Earlier this year, Ruffer said: ‘Due to zero interest rates the investment world is desperate for new safe havens and uncorrelated assets. 

‘We think we are relatively early to this, at the foothills of a long trend of institutional adoption and financialisation of Bitcoin.’ 

Alexander Chartres, a fund manager at Ruffer, told Citywire investment website: ‘The speed of the build-out of the institutional architecture around cryptocurrency has been blistering, even in the time that we have had exposure to Bitcoin.’

Chartres said a key part of investing in Bitcoin was that investors will ‘increasingly desire life rafts in a sea of money printing’ as they look for returns on their cash. He added: ‘More and more managers will see Bitcoin and digital hard assets as part of that solution.’ 

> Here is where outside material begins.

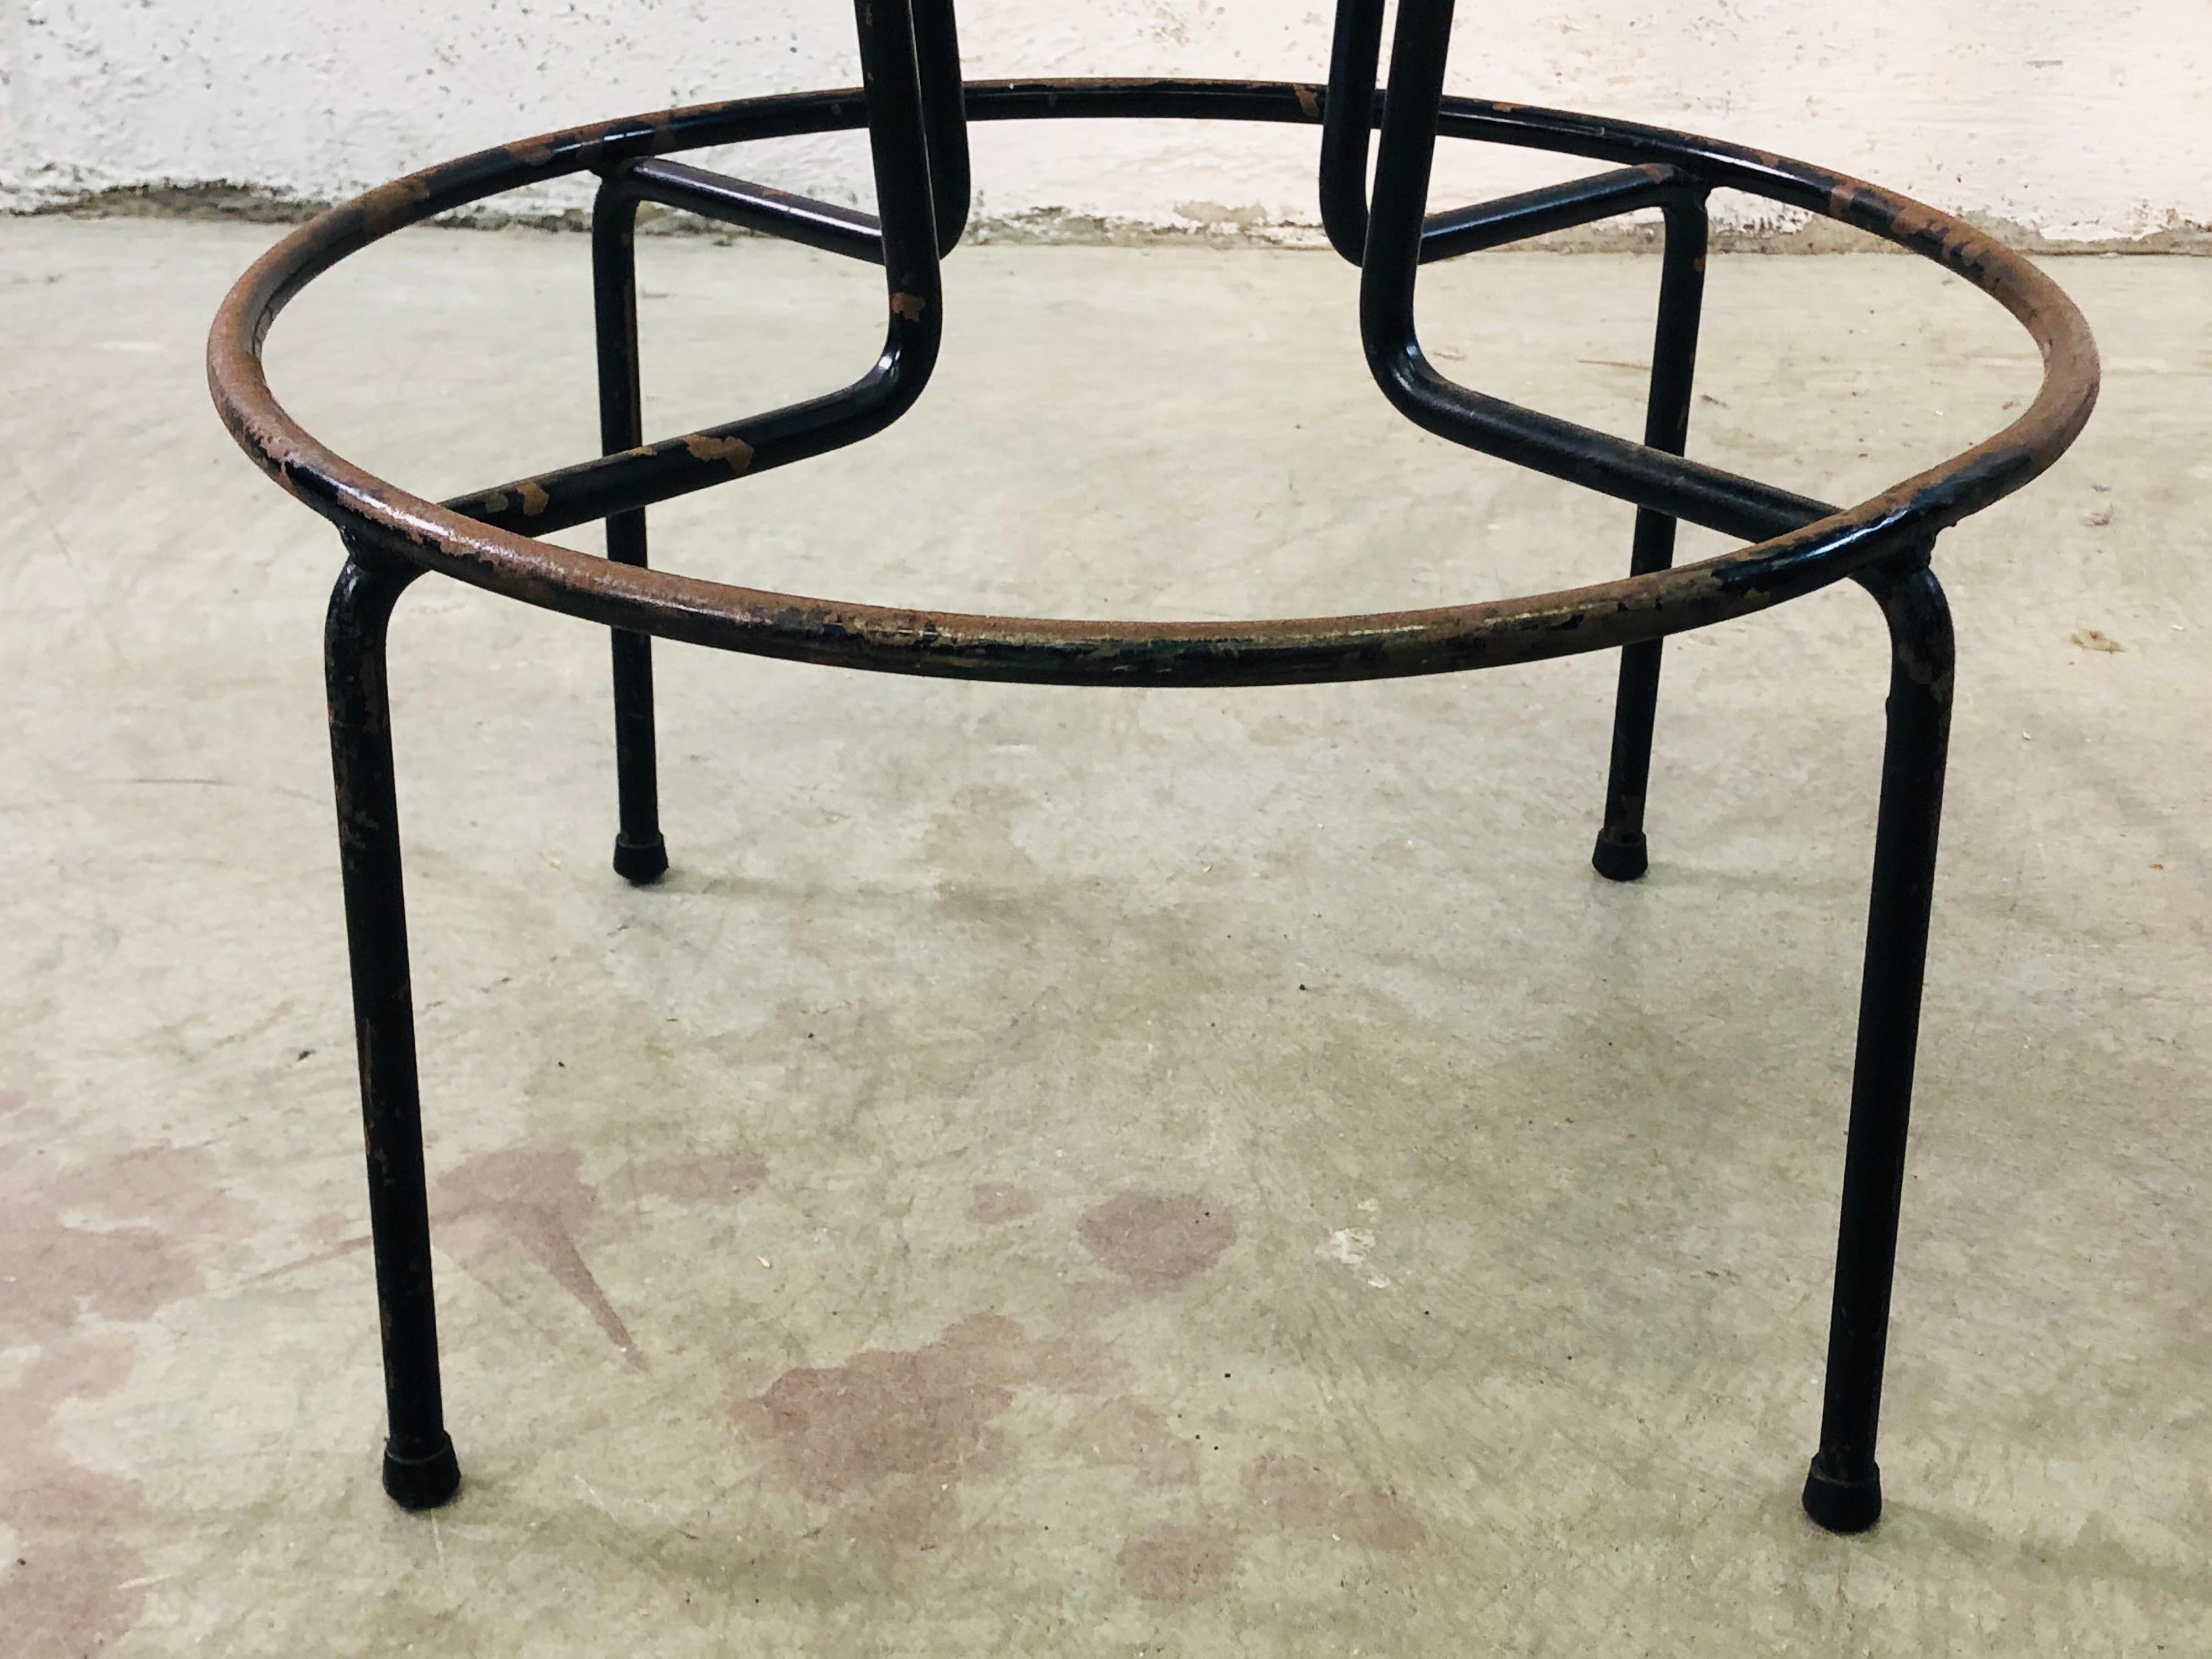 American Vintage Frederick Weinberg Wrought Iron Bar Stools, Pair For Sale

Reports last week that the German government could allow wealth managers to invest in cryptocurrencies was another sign that Bitcoin is becoming a more mainstream investment. 

Bitcoin reached a record high last month on the same day that Coinbase listed. Analysts at JP Morgan said that Bitcoin’s use as an alternative to gold and its limited supply could see it surge above $146,000 in time. 

The analysts added: ‘Bitcoin’s competition with gold has already started in our mind.’ 

Ruffer declined to comment on its decision to reduce its Bitcoin holding.